*Given material*
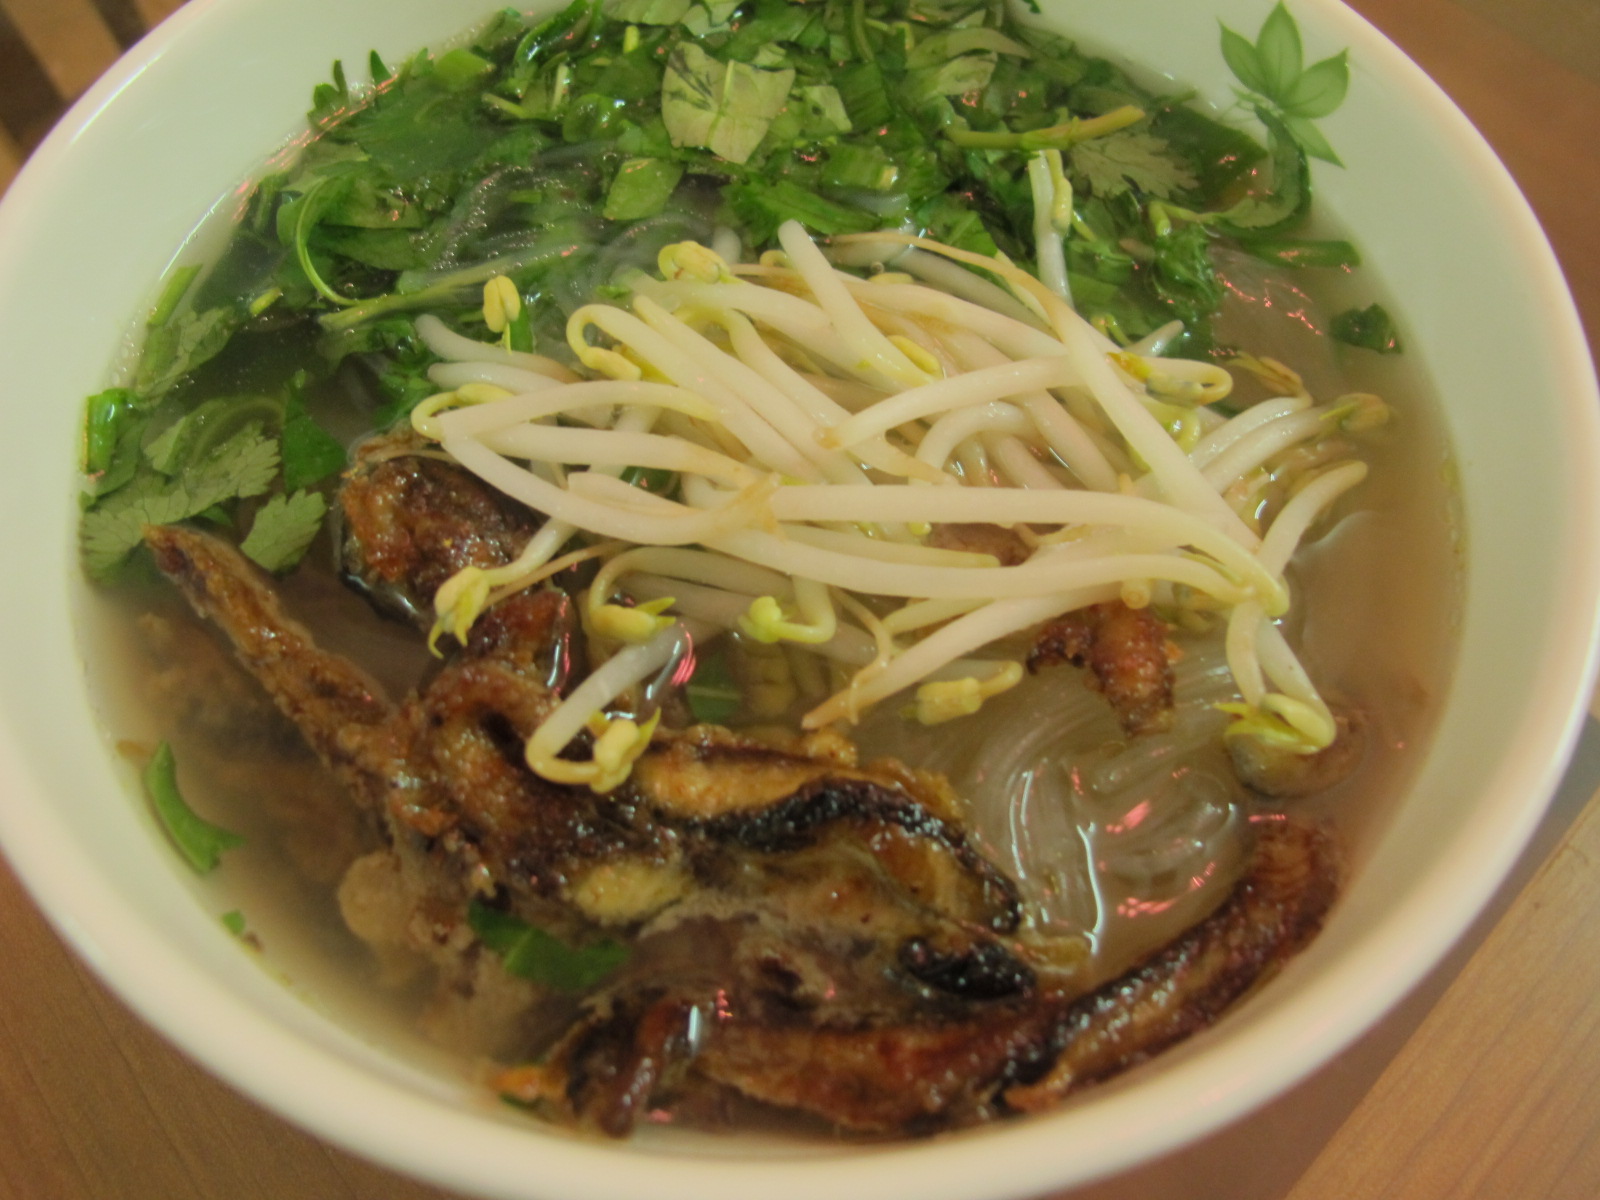 Miến lươn là một trong những món ăn ngon được yêu thích ở Hà Nội
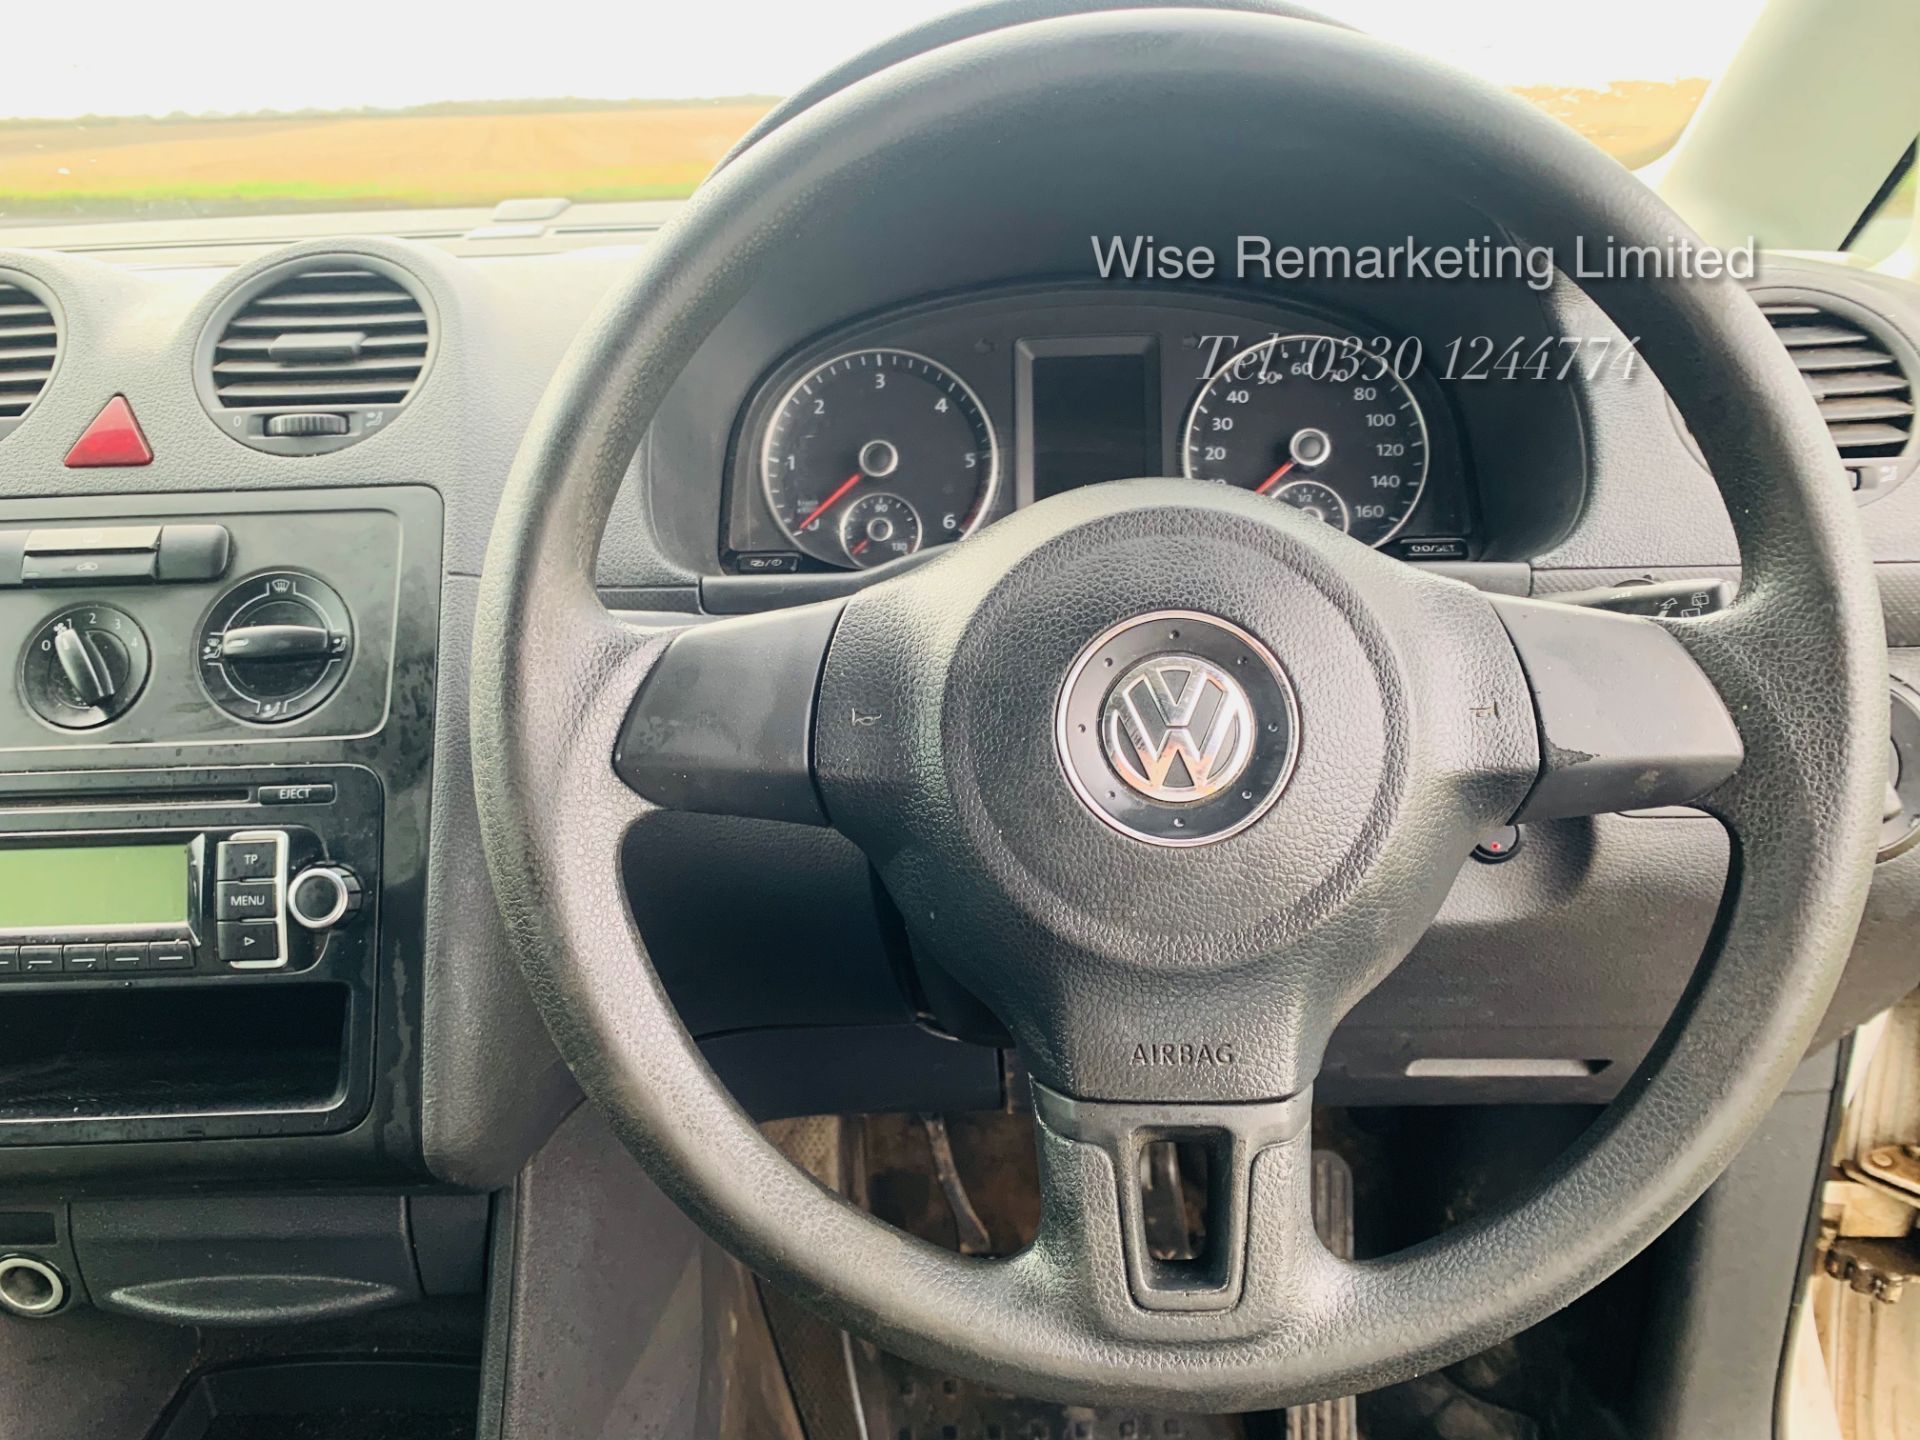 Volkswagen Caddy C20 1.6 TDI - 2013 13 Reg - Side Loading Door - Cruise Control - - Image 13 of 15
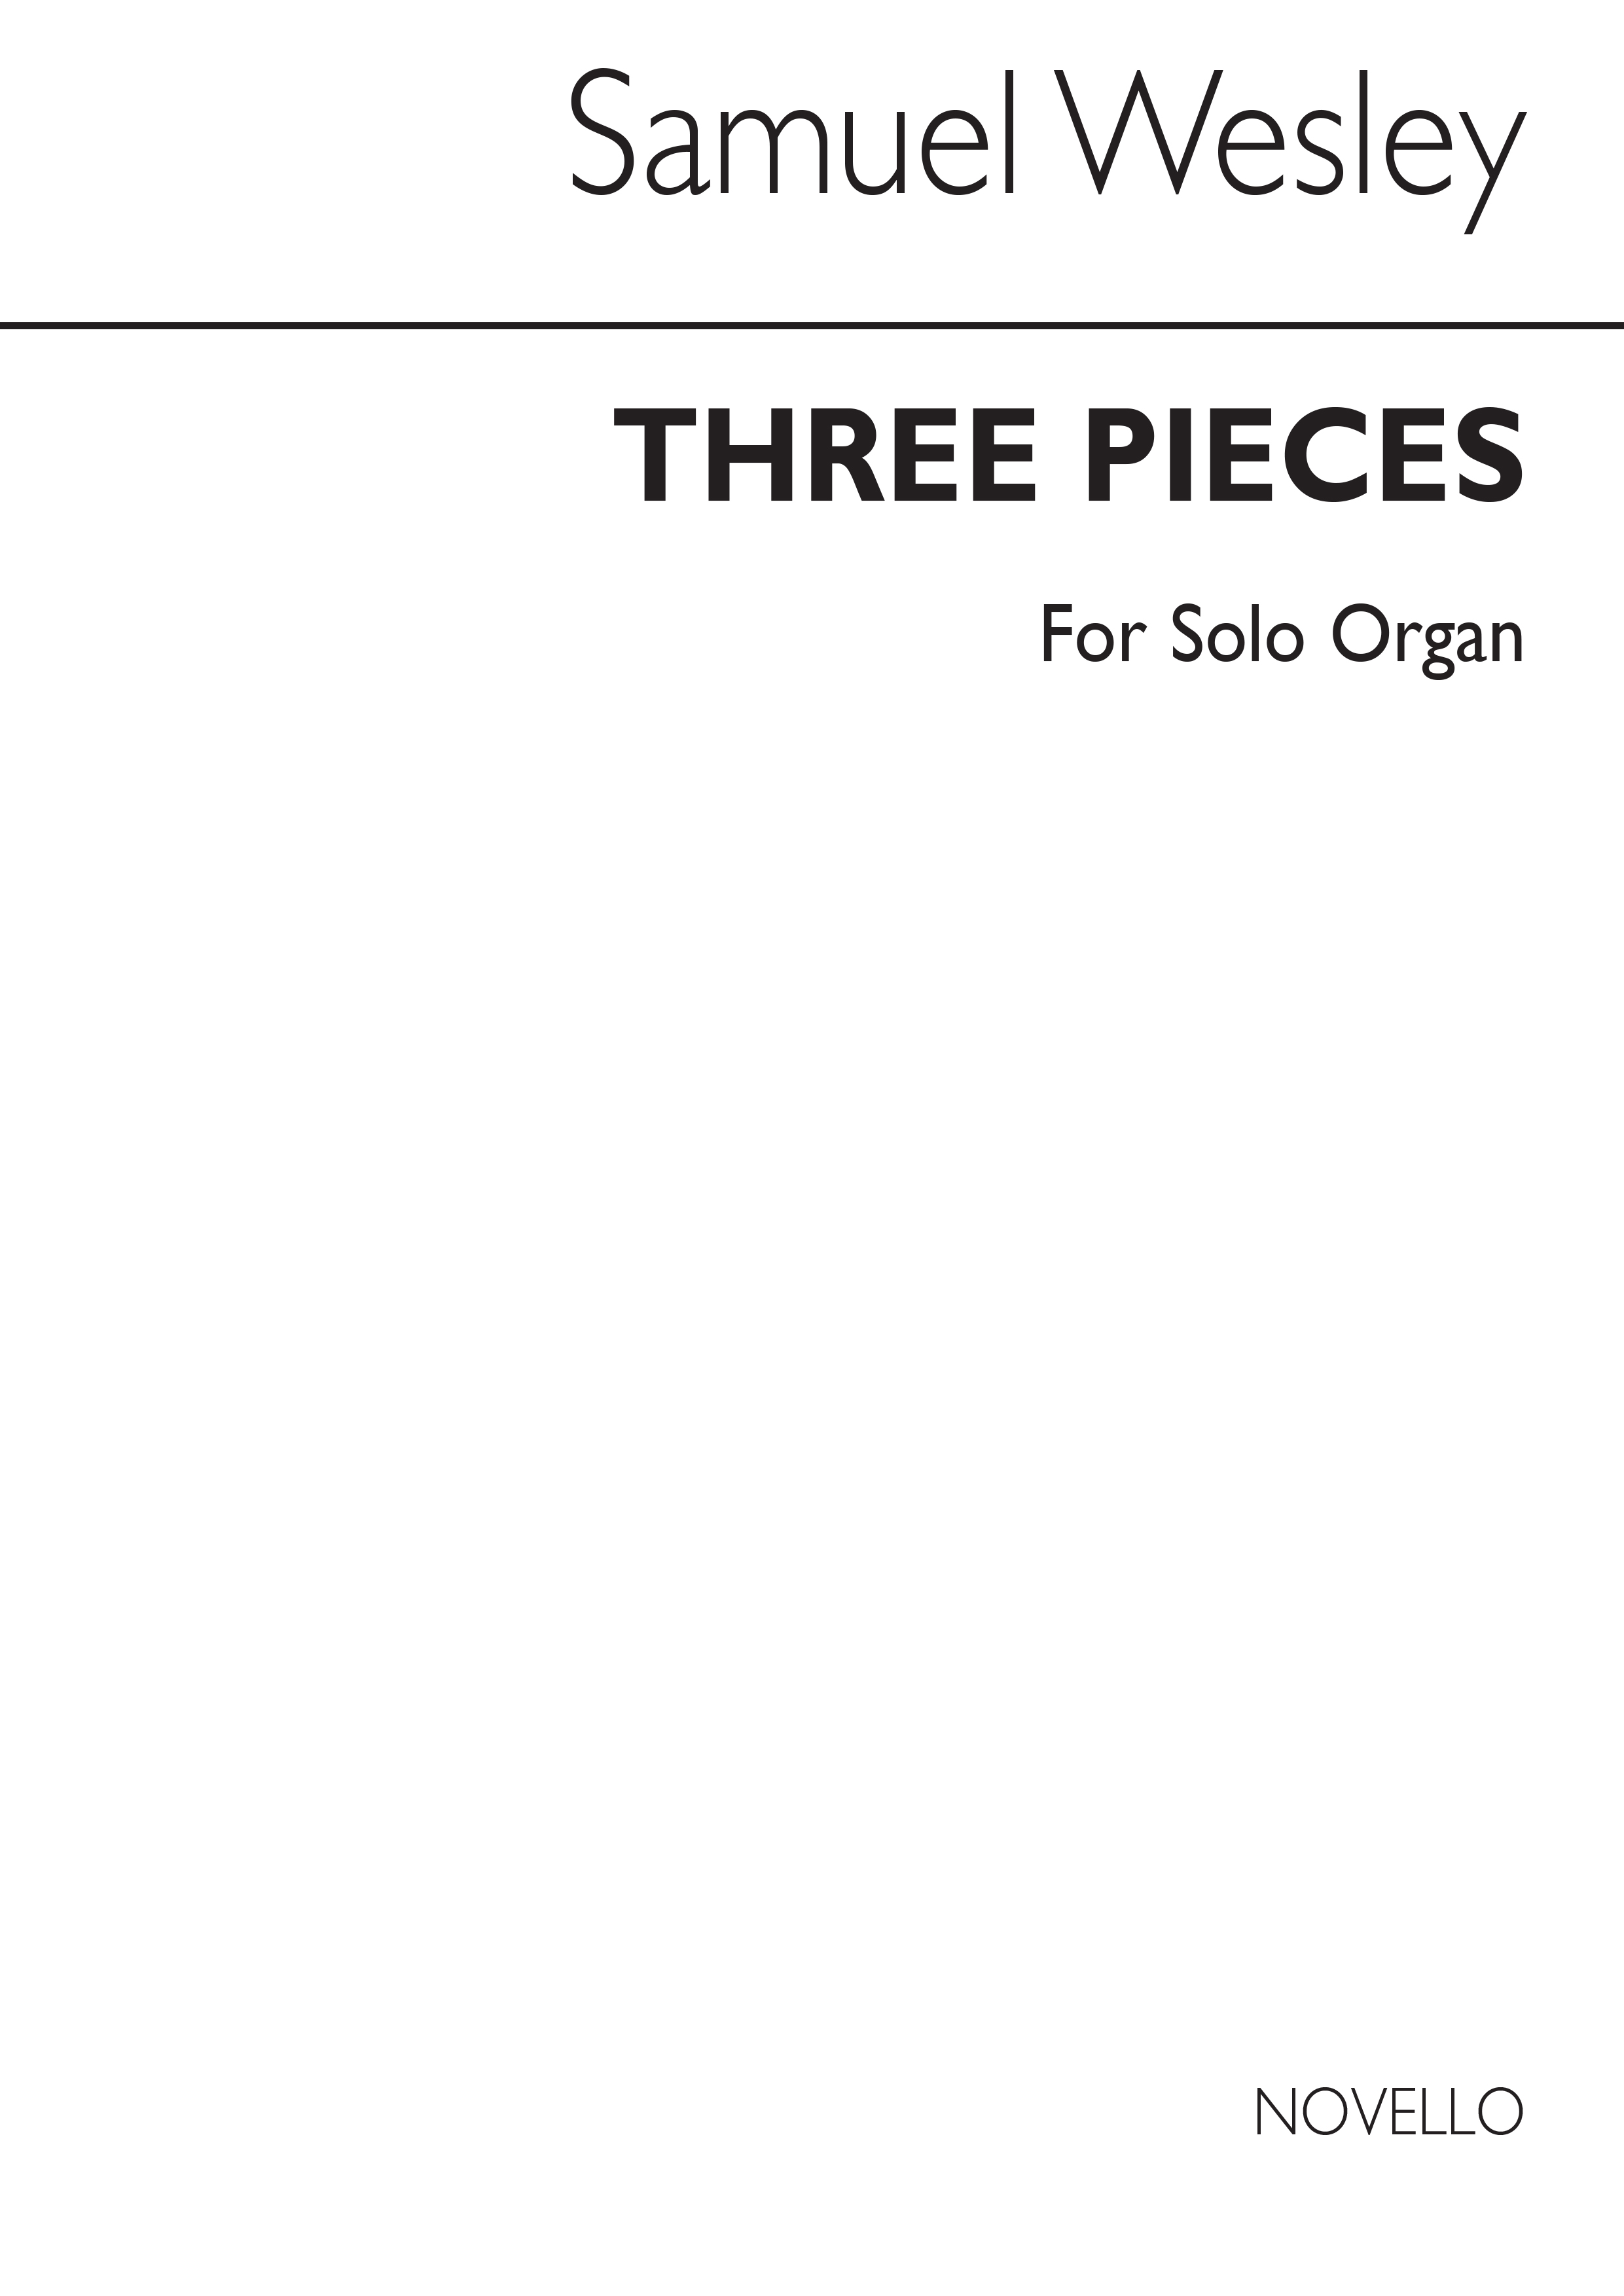 Samuel Wesley: Three Pieces For Organ

*Task to complete*
Pictures stay out; everything else in the listing above is to be repeated exactly.

*Written answer*
 Miến lươn là một trong những món ăn ngon được yêu thích ở Hà Nội
 Volkswagen Caddy C20 1.6 TDI - 2013 13 Reg - Side Loading Door - Cruise Control - - Image 13 of 15
 Samuel Wesley: Three Pieces For Organ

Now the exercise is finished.